Господь, по молитвам Святителя Иоасафа, внял мольбе и подал исцеление. Уезжая, Епископ сказал: «Не я открывал крышку, не мне грешному и закрывать ее. Пусть все останется по-прежнему». (Сообщ. иеромонах Александро-Невской лавры о. Гавриил Стефановский).

В 1824 году, во время приезда своего в Белгород, Государь Император Александр I спускался в пещеру, где покоятся мощи Святителя Иоасафа, и служил панихиду, но на представление Преосвященного причислить Св. Иоасафа к лику святых не изъявил согласие. Надобно, чтобы ровно через год Император скончался 19 ноября, в день Преподобного Иоасафа, царевича Индийского, в который празднуется в Белгороде и тезоименитство Свят. Иоасафа Горленка (Русск. арх. 1880 г., III, стр. 289–290. Воспоминания Н. И. Шенига).

Не мало и других преданий сохранилось про Святителя Иоасафа.

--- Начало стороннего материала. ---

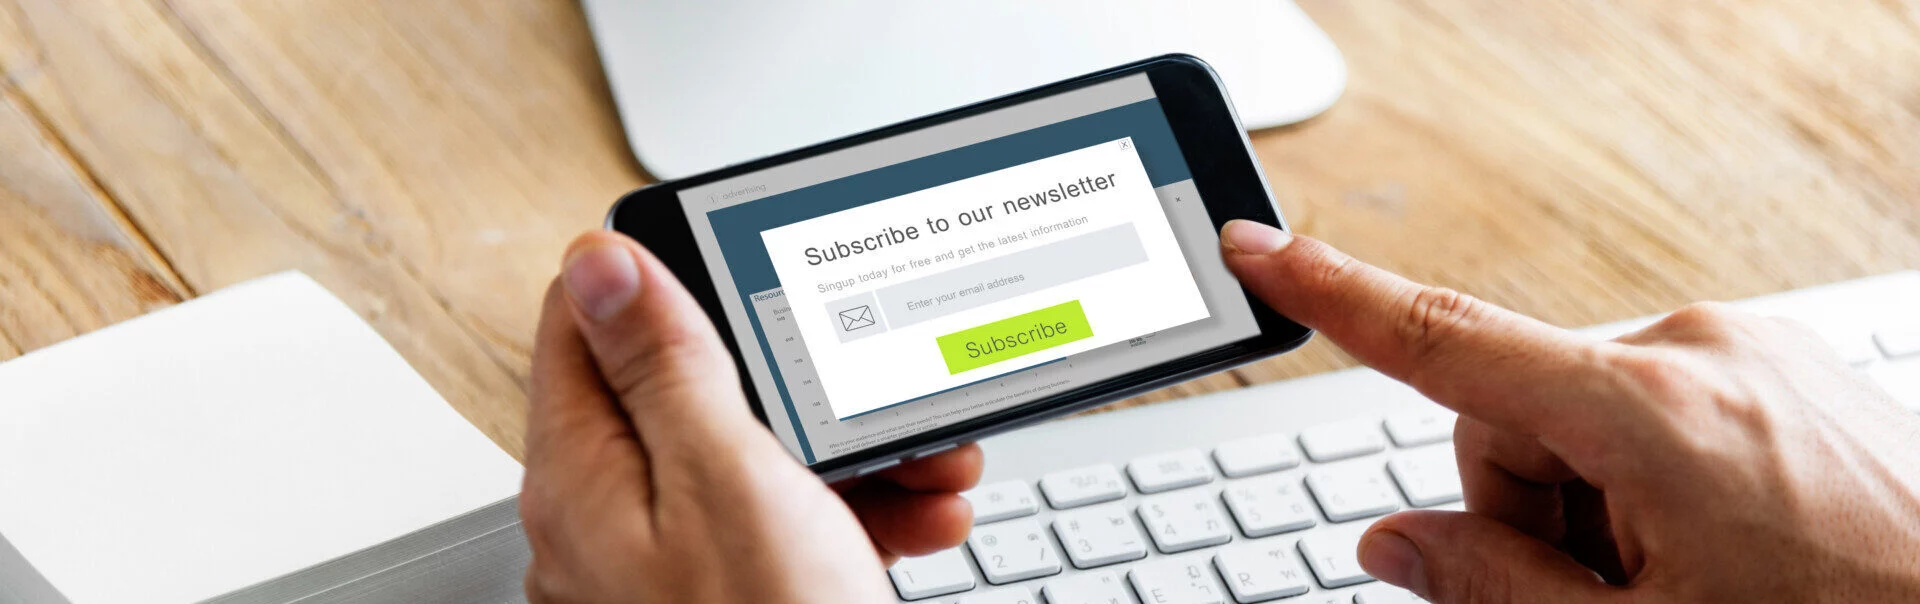 Subscribe Newsletter Advertising Register Member Concept 2

Священник села Петропавловки, Белгородского уезда, Курской губ., о. Николай Хлебников сообщает такое предание о Св. Иоасафе:

Петропавловка была загородной дачей Преосвященного Иоасафа. Дача эта была расположена на берегу р. Донца, на месте и доныне называемом Островом. Здесь на Острове (названном так потому, что грунт там насыпной и земля рыхлая) стоял раньше дом и небольшая деревянная церковь, немного далее был расположен скотный двор и вырыта квадратная сажанка для разведения рыб. Подле дома и церкви раскинулся небольших размеров сад, где прежде хоронили, нужно думать, монахов, ибо и доныне сохраняется там несколько надгробных плит. Многих из них, впрочем, уже не существует ибо они разобраны крестьянами. В эту загородную дачу на лето приезжал для отдыха Святитель Иоасаф. Время, свободное от молитвенных подвигов, Святитель любил посвящать наблюдению за полевыми работами, причем строго приказывал, чтобы женщины, имеющие грудных младенцев, не выходили бы на полевые работы. Предания о Св. Иоасафе, рисующие дивный облик Святителя, передаются из поколения в поколение, и Петропавловцы, до сего времени отзываются о Святителе, как о пастыре любвеобильном и сердечном. Каждый год, в мае месяце, они служат по нем панихиды всем обществом, и имя Святителя Иоасафа записано в синодике каждого прихожанина. Загородная дача была упразднена при епископе Феоктисте Мочульском. Церковь перенесена на средину села, где теперь и находится. В последнее время она была увеличена боковыми пристройками и украшена. Иконостас в ней большой, пятиярусный и обращает на себя всеобщее внимание прекрасной работой 21.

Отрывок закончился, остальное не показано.